-----------------------------------------------------------
This is an automatically generated e-mail. To reply, visit:
https://reviews.apache.org/r/985/
-----------------------------------------------------------
Review request for hive.
Summary
-------
We can re-organize the JDO models to reduce space usage to keep the metastore
scalable for the future. Currently, partitions are the fastest growing objects
in the metastore, and the metastore keeps a separate copy of the columns list
for each partition. We can normalize the metastore db by decoupling Columns
from Storage Descriptors and not storing duplicate lists of the columns for
each partition.
An idea is to create an additional level of indirection with a "Column
Descriptor" that has a list of columns.
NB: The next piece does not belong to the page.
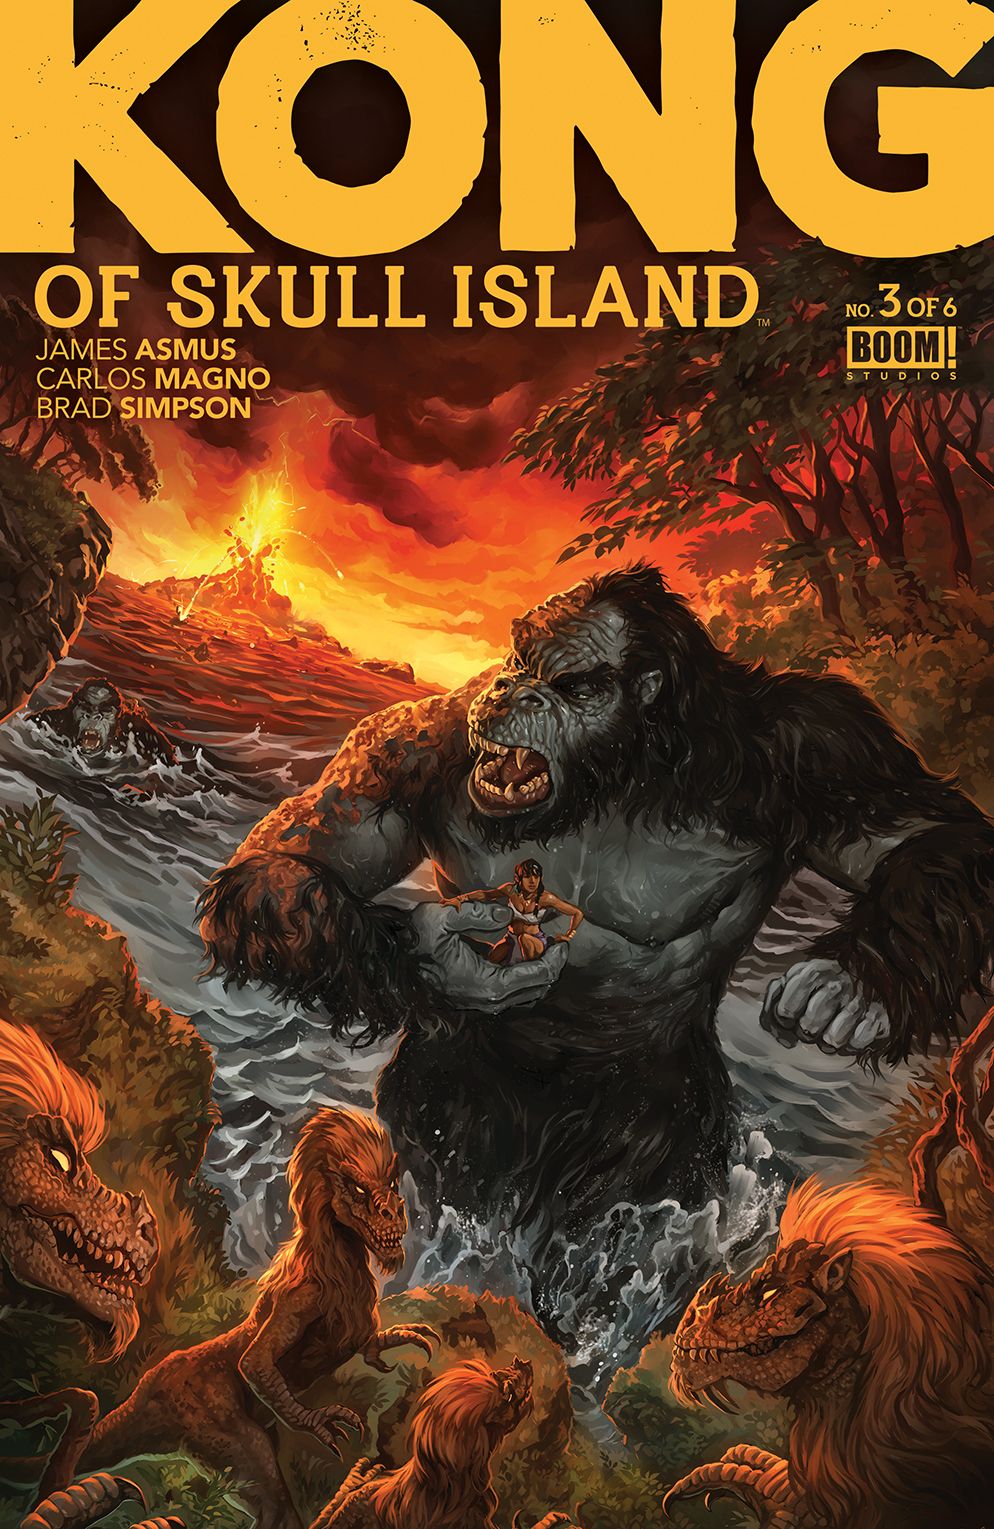 Kong of Skull Island #3 cover by Nick Robles.

A table has a reference to its latest
Column Descriptor (note: a table may have more than one Column Descriptor in
the case of schema evolution). Partitions and Indexes can reference the same
Column Descriptors as their parent table.
Currently, the COLUMNS table in the metastore has roughly (number of partitions
+ number of tables) * (average number of columns pertable) rows. We can reduce
this to (number of tables) * (average number of columns per table) rows, while
incurring a small cost proportional to the number of tables to store the Column
Descriptors.
This addresses bug HIVE-2246.
https://issues.apache.org/jira/browse/HIVE-2246
Diffs
-----
trunk/metastore/if/hive_metastore.thrift 1140399
trunk/metastore/src/model/org/apache/hadoop/hive/metastore/model/MColumnDescriptor.java
PRE-CREATION
trunk/metastore/src/model/org/apache/hadoop/hive/metastore/model/MDatabase.java
1140399
trunk/metastore/src/model/org/apache/hadoop/hive/metastore/model/MFieldSchema.java
1140399
trunk/metastore/src/model/org/apache/hadoop/hive/metastore/model/MIndex.java
1140399
trunk/metastore/src/model/org/apache/hadoop/hive/metastore/model/MPartition.java
1140399
trunk/metastore/src/model/org/apache/hadoop/hive/metastore/model/MStorageDescriptor.java
1140399
trunk/metastore/src/model/org/apache/hadoop/hive/metastore/model/MTable.java
1140399
trunk/metastore/src/model/package.jdo 1140399
trunk/ql/src/java/org/apache/hadoop/hive/ql/exec/DDLTask.java 1140399
trunk/ql/src/java/org/apache/hadoop/hive/ql/index/TableBasedIndexHandler.java
1140399
trunk/ql/src/java/org/apache/hadoop/hive/ql/index/bitmap/BitmapIndexHandler.java
1140399
trunk/ql/src/java/org/apache/hadoop/hive/ql/index/compact/CompactIndexHandler.java
1140399
trunk/ql/src/java/org/apache/hadoop/hive/ql/metadata/Hive.java 1140399
trunk/ql/src/java/org/apache/hadoop/hive/ql/metadata/MetaDataFormatUtils.java
1140399
trunk/ql/src/java/org/apache/hadoop/hive/ql/metadata/Partition.java 1140399
trunk/ql/src/java/org/apache/hadoop/hive/ql/metadata/Table.java 1140399
trunk/ql/src/java/org/apache/hadoop/hive/ql/parse/ImportSemanticAnalyzer.java
1140399
Diff: https://reviews.apache.org/r/985/diff
Testing
-------
Haven't run any unit tests yet, just qualitative testing so far.
Thanks,
Sohan